Da ich unerwartet Überstunden abfeiern konnte wurde gleich in der Früh angefangen mit dem entfernen der Lorbeerhecke.
  
Nach gefühlten 20h Arbeit zum ausgraben der Wurzeln waren wir gegen 12Uhr fertig.
Danach habe ich noch begonnen den alten Wasserfall zu zerlegen und die Erde etwas zu verteilen.
So hier steht er noch...
 
tadaaaaa weg ist er 
   

Ab 15Uhr war es dann in der prallen Sonne nicht mehr auszuhalten und viel zu heiß um noch einen Handstreich zu tätigen. 

Ach es gibt übrigens noch Neuigkeiten, das Fenster kam heute per Post und die ausgesuchten Steine dürften am Mittwoch/Donnerstag eintrudeln.
Die Steine sind aus Muschelkalk und wir sollten sie auch mit einem "spezial" Kleber verbinden/verlegen, eine reine Trockenmauer wäre zu instabil geworden.
Morgen wollte ich noch die Bretter für die Verschalung des Fundaments anbringen, laut Aussagen eines Fachmanns sollten wir den Sockel 8cm Tief und 25cm Breit anlegen.
Danach wird es etwas mühseliger, der Boden muss begradigt werden, ich stelle mir das etwas schwieriger vor, aber auch hier hilft es nicht zu jammern und evtl wird es doch keine Knochenarbeit.

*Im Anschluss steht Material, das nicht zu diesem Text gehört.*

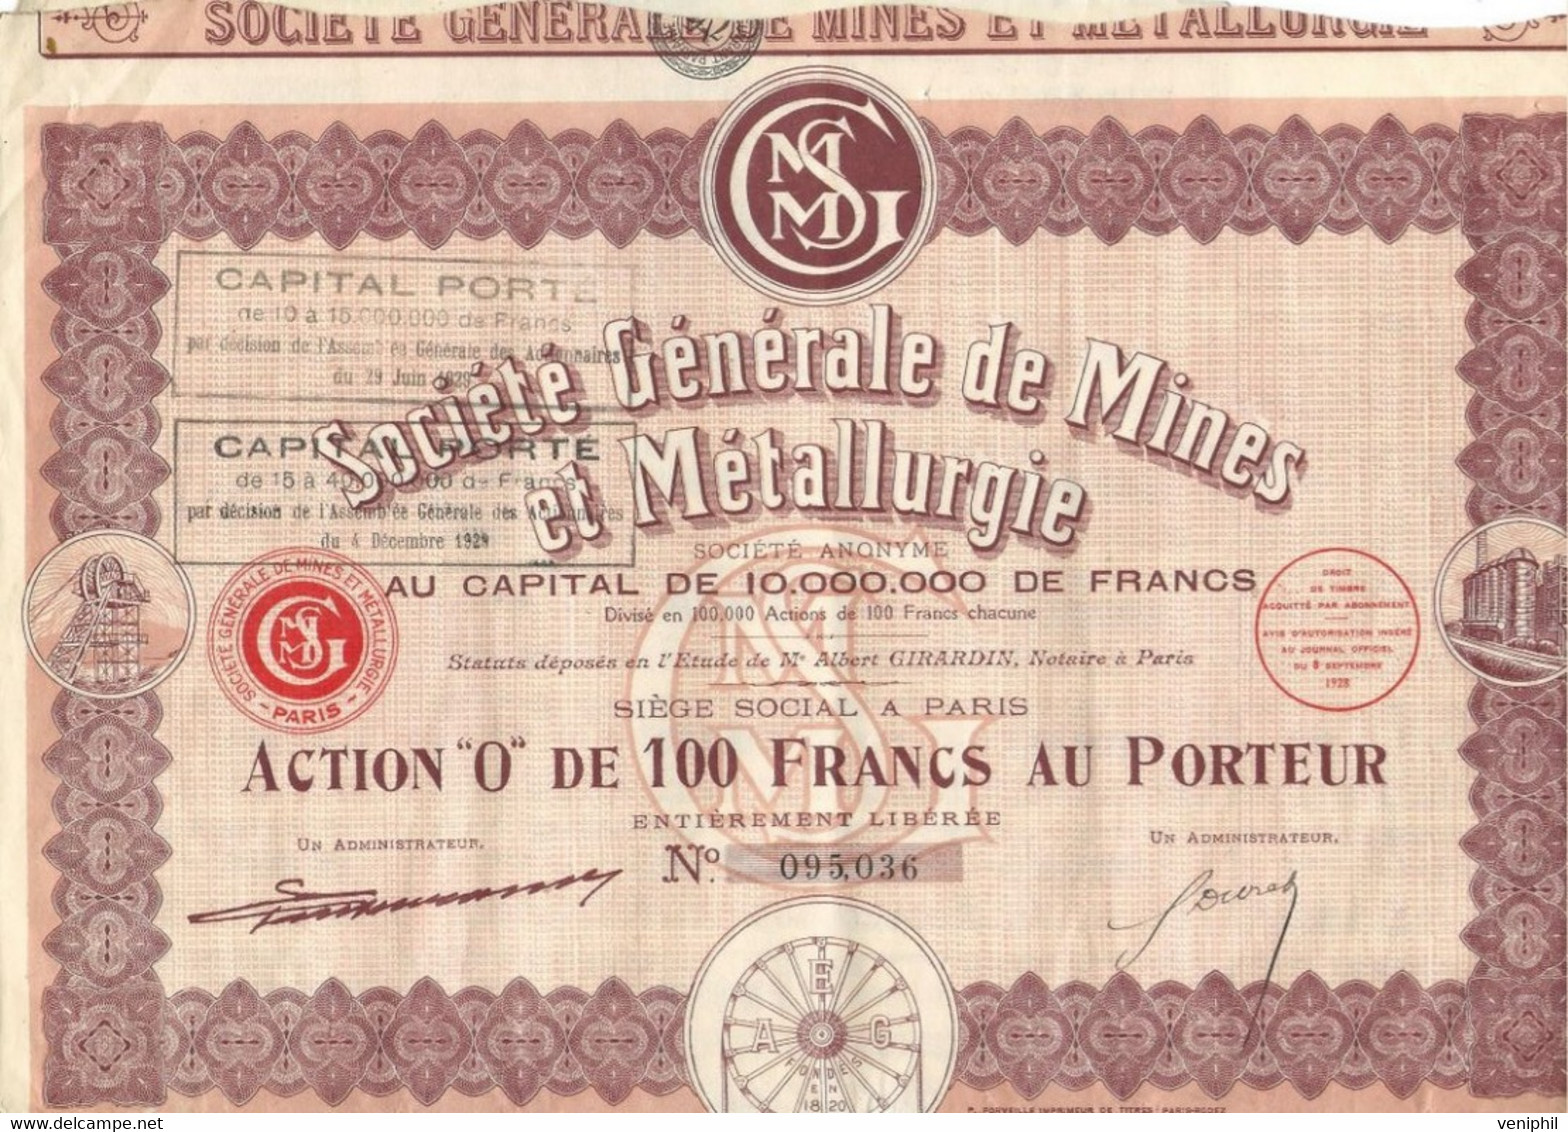 SOCIETE GENERALE DE MINES ET METALLURGIE -ACTION" 0 " DE 100 FRS -ANNEE 1928 - Mijnen

Jaa was gibt es sonst noch, eigentlich nichts mehr und ich finde für dass das wir eigentlich erst in meinem Urlaub beginnen wollten sind wird schon ziemlich weit 
Mir soll es ja Recht sein, bleibt mehr von meinem Urlaub 

Zum Schluss noch die restlichen Bilder 

Die Steine in der Mitte werden es
  
Hier das Fenster
 
Zwischenzeitlich konnte eine Schwebefliege nicht von mir lassen, egal was ich machte sie kam immer wieder auf meine Hand
 
Die Bilder sind alle mit dem Handy gemacht, deswegen die schlechte Quali, sry dafür 


Euch allen noch einen schönen Abend.

Grüße
Marcel


----------



## Zacky (24. Juli 2012)

*AW: Jetzt wird endlich umgebaut*

...das schaut ja schon gut aus, da war ja jemand bei dem Wetter echt fleißig...super...

beim Fundament würde ich nicht sparen, lieber etrwas tiefer setzen und dann über die gesamte Länge ein gute Staibiltät zu bekommen...8 cm klingt jetzt erstmal nicht gerade viel...ich würde wohl eher 15 cm nehmen, da die Wand ja auch etwas höher wird...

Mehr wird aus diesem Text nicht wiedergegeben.